## RECORDS SHOWN
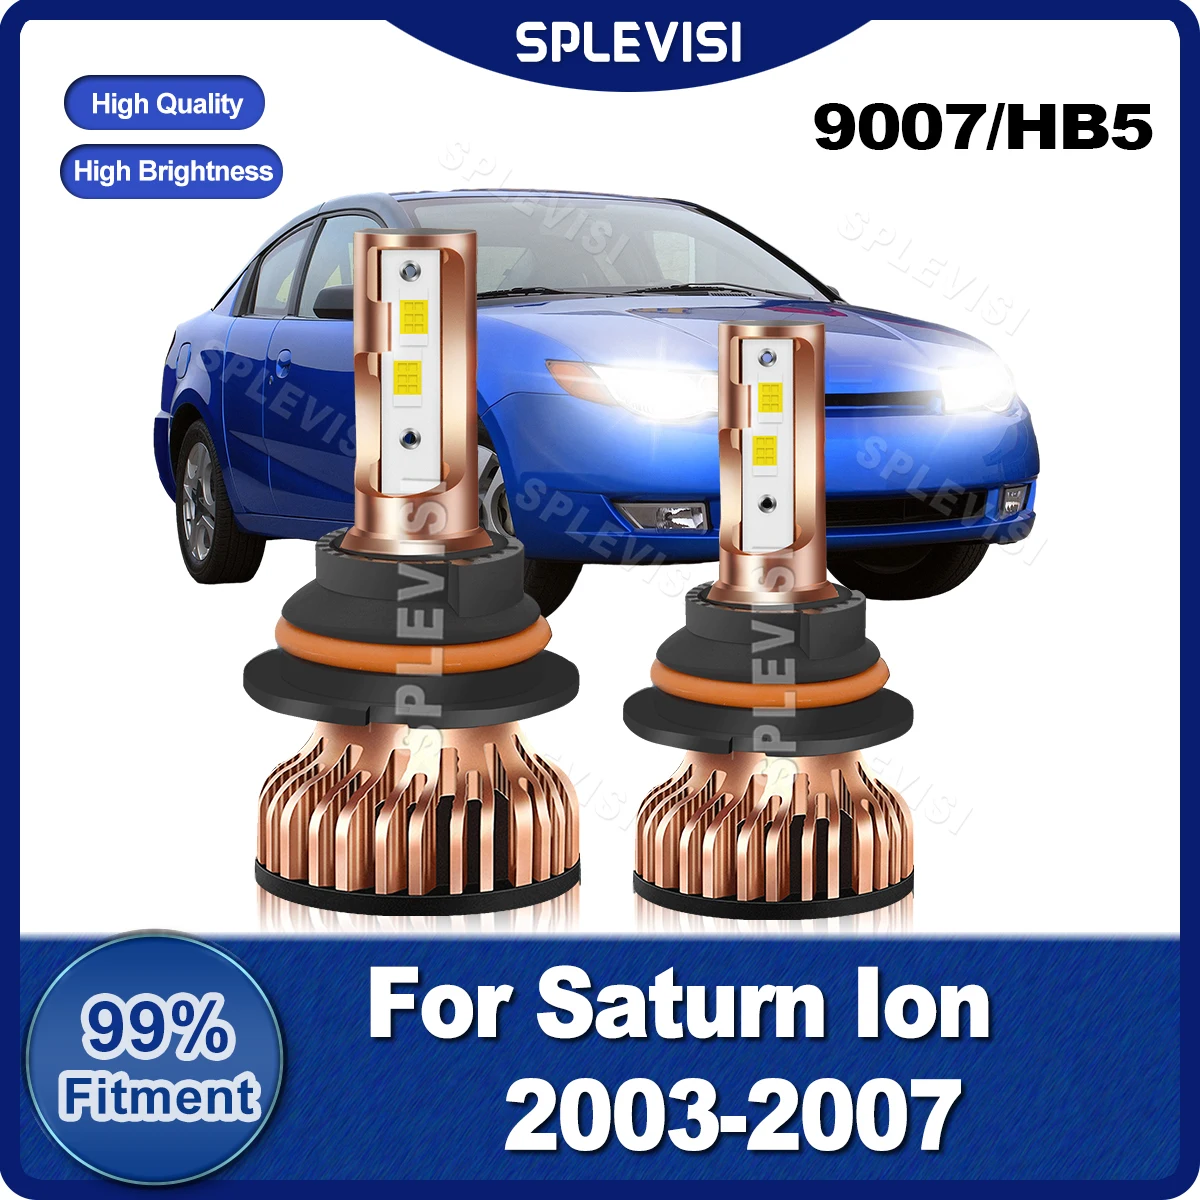 

SPLEVISI 9007/HB5 LED Headlight High Low Beam Bulbs 300W 30000LM/Pair 9V-24V For Saturn Ion 2003 2004 2005 2006 2007 Pure White
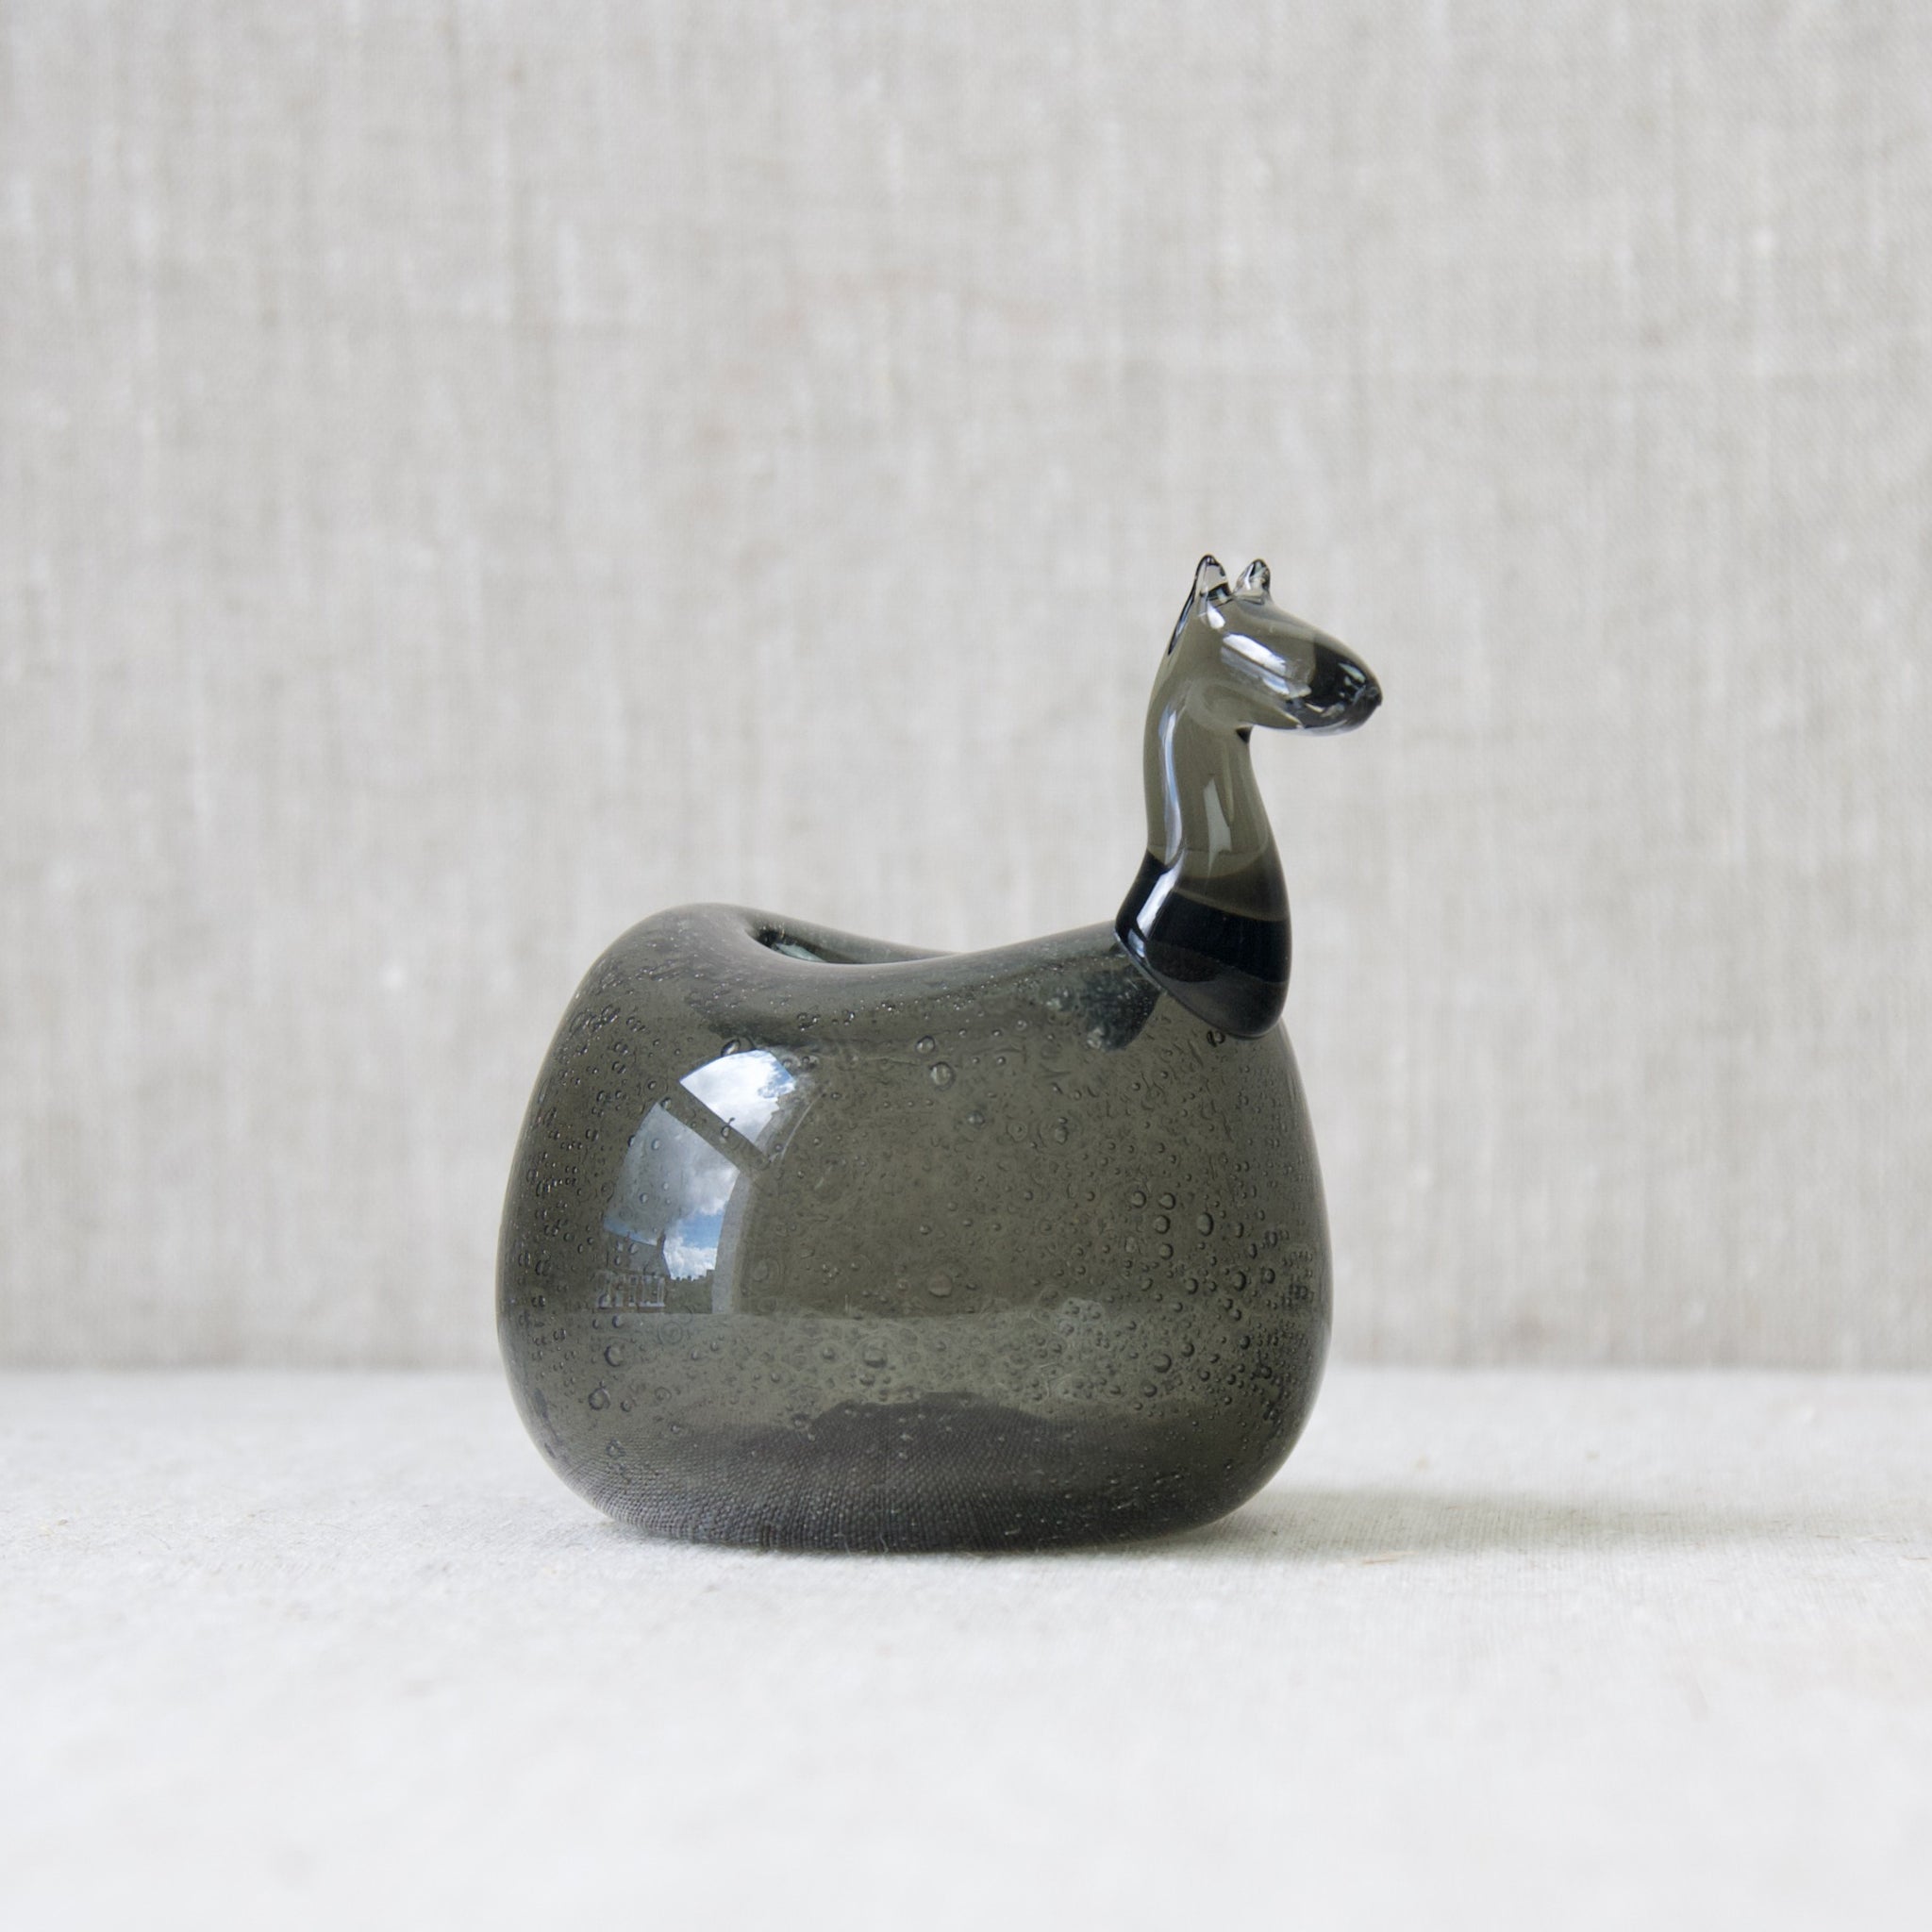 Modernist Swedish glass "Pegasus" moneybox or piggy bank designed by Goran Warff in the form of a horse, Pukeberg, 1960s
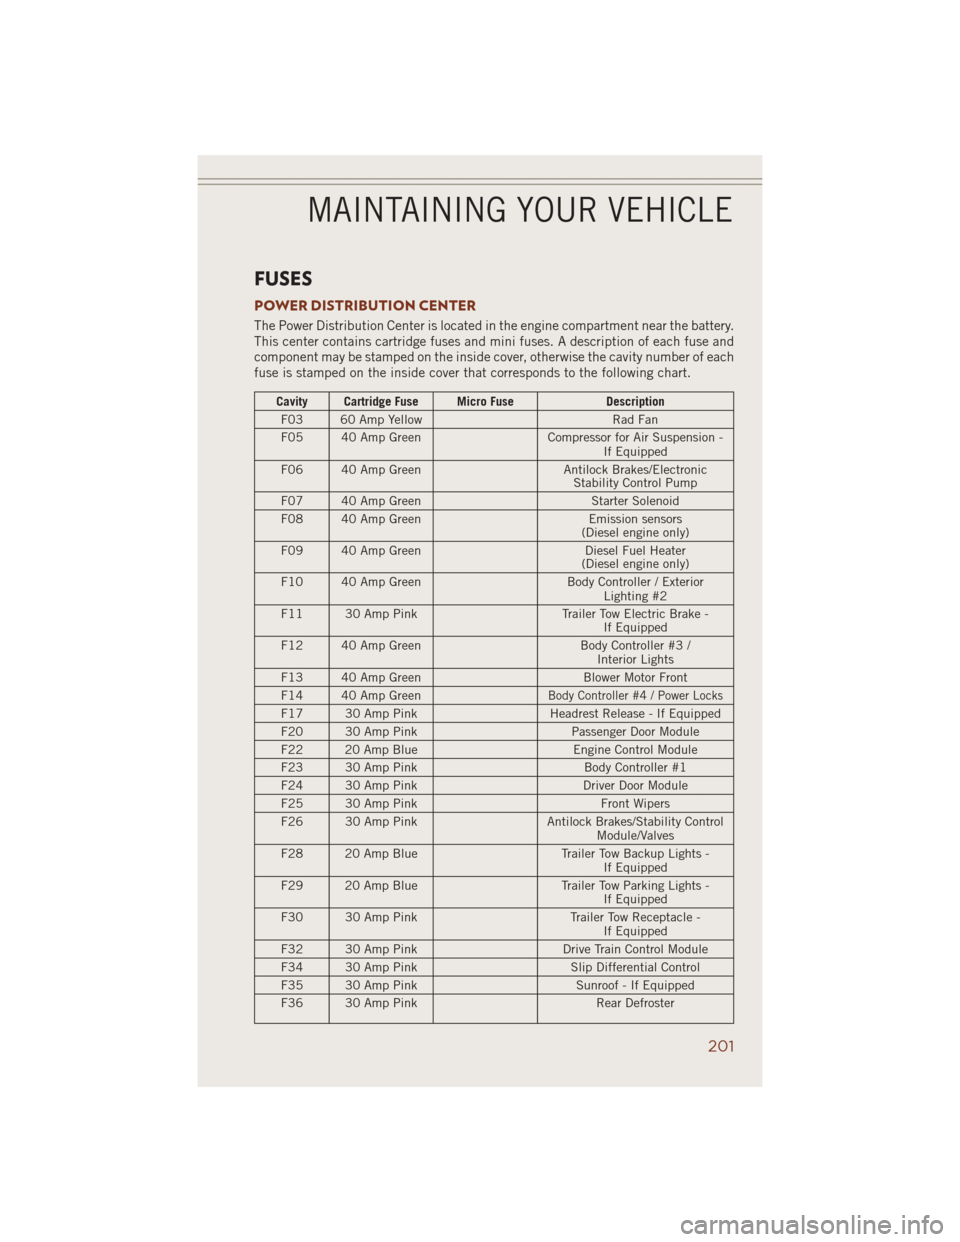 JEEP GRAND CHEROKEE 2014 WK2 / 4.G User Guide FUSES
POWER DISTRIBUTION CENTER
The Power Distribution Center is located in the engine compartment near the battery.
This center contains cartridge fuses and mini fuses. A description of each fuse and
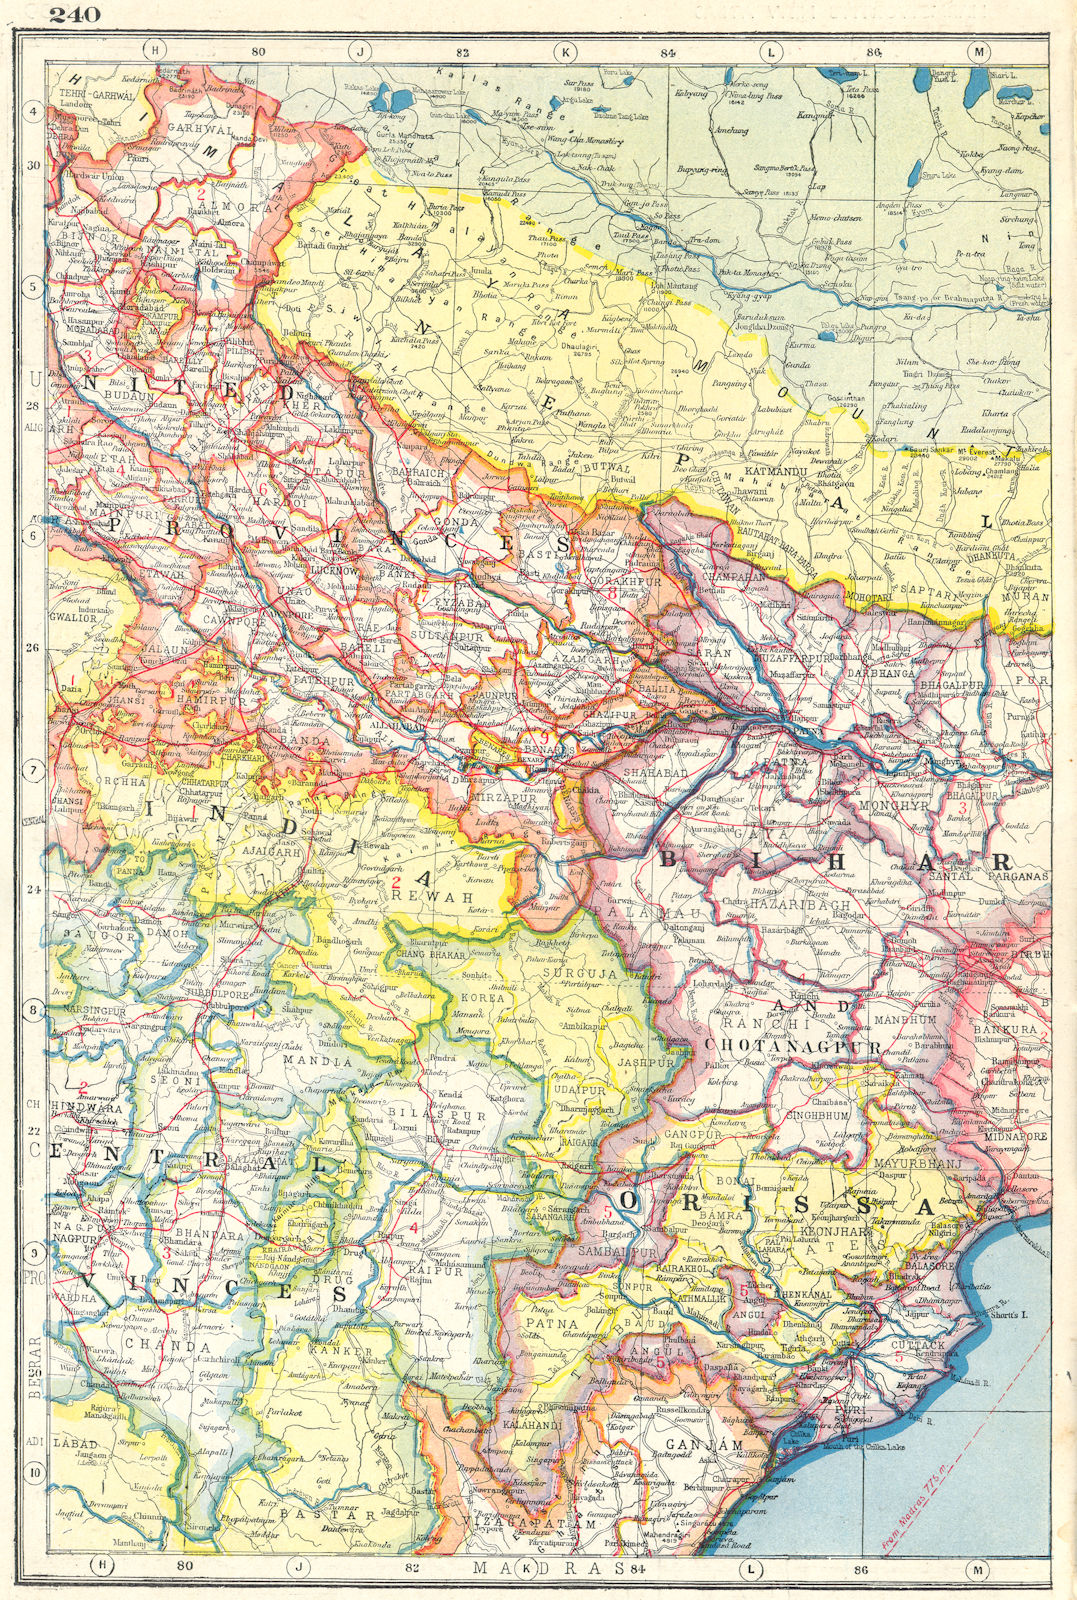 INDIA NORTH EAST. Orissa Bihar United & Central Provinces Nepal 1920 old map

## TASK DIRECTIONS
Lines from the one containing "This center contains" through the end of the listing, both included, are to be restated exactly, and pictures are to be left out.

## SOLUTION BELOW
This center contains cartridge fuses and mini fuses. A description of each fuse and
 INDIA NORTH EAST. Orissa Bihar United & Central Provinces Nepal 1920 old map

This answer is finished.